At first, I thought it was just the new Seagate usb drive with an incompatible controller that I returned to the store, but this error keeps popping up on other drives as well. Both using geli and not.

I just don't see how it could be 5 different drives failing at once. Nor do I see it as a hardware problem. It seems that there is a software issue of some sort. Maybe the usb drive software has a bug in it that tells the drive to write to a block much great than what is available.

I have scoured the internet looking for an explanation. I have seen others with the same problem and helpers saying "yep, trying to write to a block than what is available", but no explanations or solutions.

(I am running FreeBSD 9.3. It is all usb 2.0 on this older motherboard.)

What could be causing this?


----------



## Bobi B. (Apr 24, 2018)

I do believe FreeBSD 9 is no-longer supported.

Most likely this offset is in bytes, not blocks. `5` could be `5 EIO Input/output error. Some physical input or output error occurred.` (see errno(2)).


----------



## SirDice (Apr 24, 2018)

ter2007 said:


> I am running FreeBSD 9.3.


FreeBSD 9.3 has been End-of-Life since December 2016 and is not supported any more. Please upgrade to a _supported_ version as soon as possible.
Topics about unsupported FreeBSD versions
https://www.freebsd.org/security/unsupported.html


----------



## ralphbsz (Apr 24, 2018)

The likely cause is a software bug, so SirDice's answer (use modern software that has fewer bugs) is spot on.
The error "5" tells you fundamentally nothing: as Bobi B said, it means EIO = error during IO: but that was obvious, we knew that already.  It is completely not clear whether the error messages report the offset in bytes, sectors (which could be 512 or 4096 bytes long), or some units like file system blocks.  People who write error messages really should be clearer about stuff like that, but sadly, they aren't.  To figure out what those messages really mean, one should look at the source code, but in your case, that's just too much work.

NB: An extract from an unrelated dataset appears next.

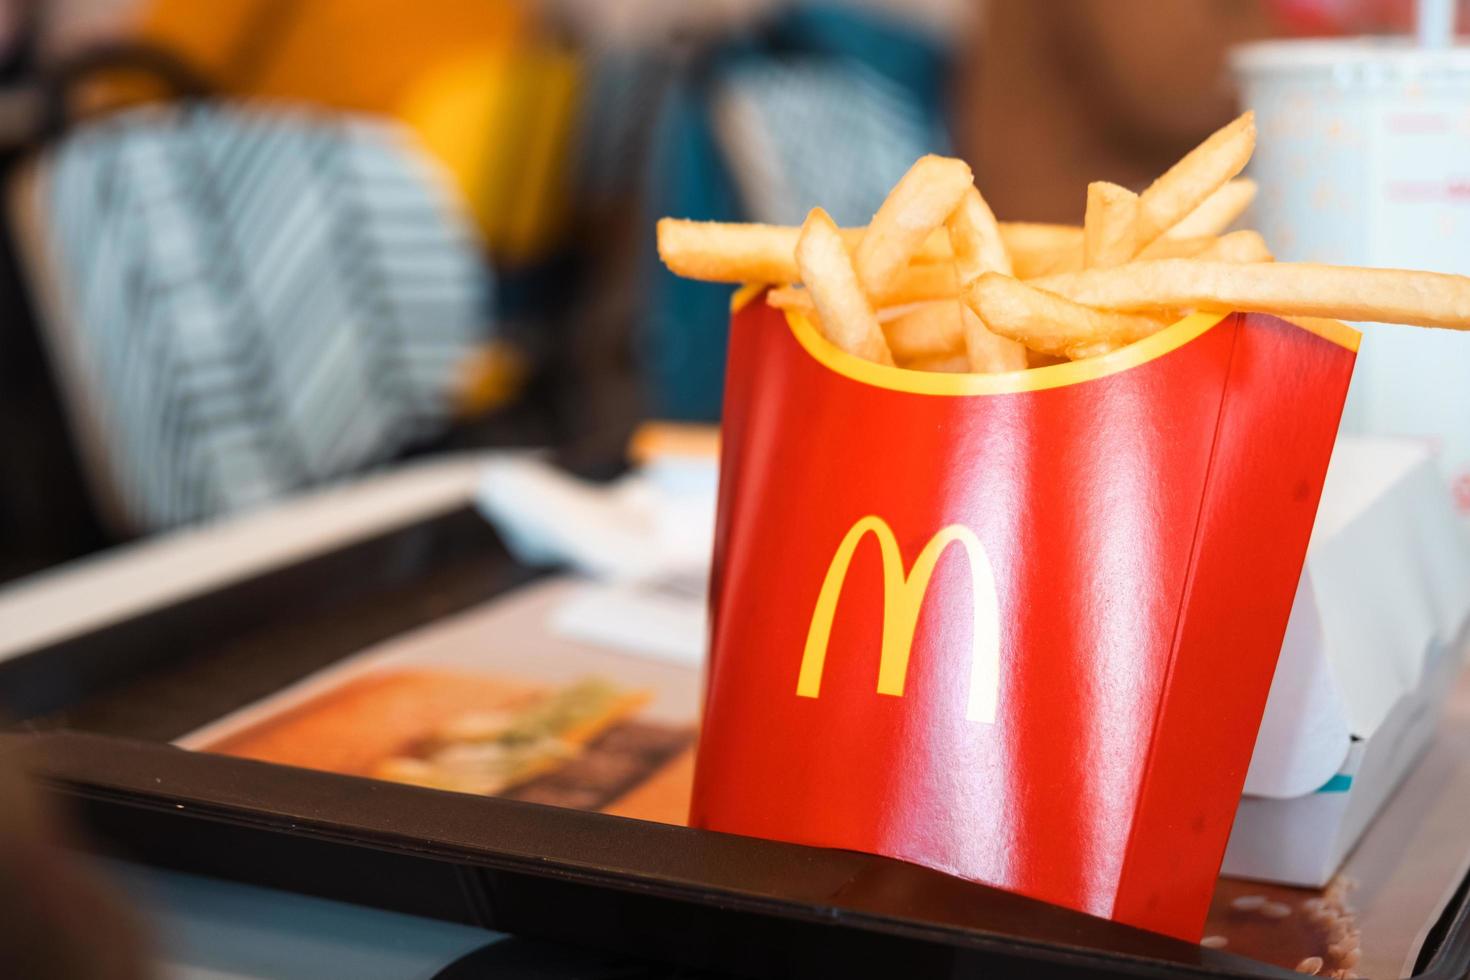 batatas fritas com uma caixa vermelha com o logotipo do mcdonald em uma bandeja e uma bebida. cadeias de restaurantes de fast food. Rússia, Kaluga, 21 de março de 2022. foto

Your software stack above the USB block device layer looks a little more complex than usual, with an encryption layer (GELI). 

One of the error messages comes from GELI; the other one seems to be from the VFS layer (which is the topmost part of the file system in the kernel, shared by all file systems).  I have a slight suspicion that the root cause is file system corruption: some file system internal metadata might contain a reference to a block address on disk which is just wrong.  If that's true, a fsck might be able to cure it (but also do more damage).  But the first check should be to upgrade, and see whether the problem just goes away by itself.


----------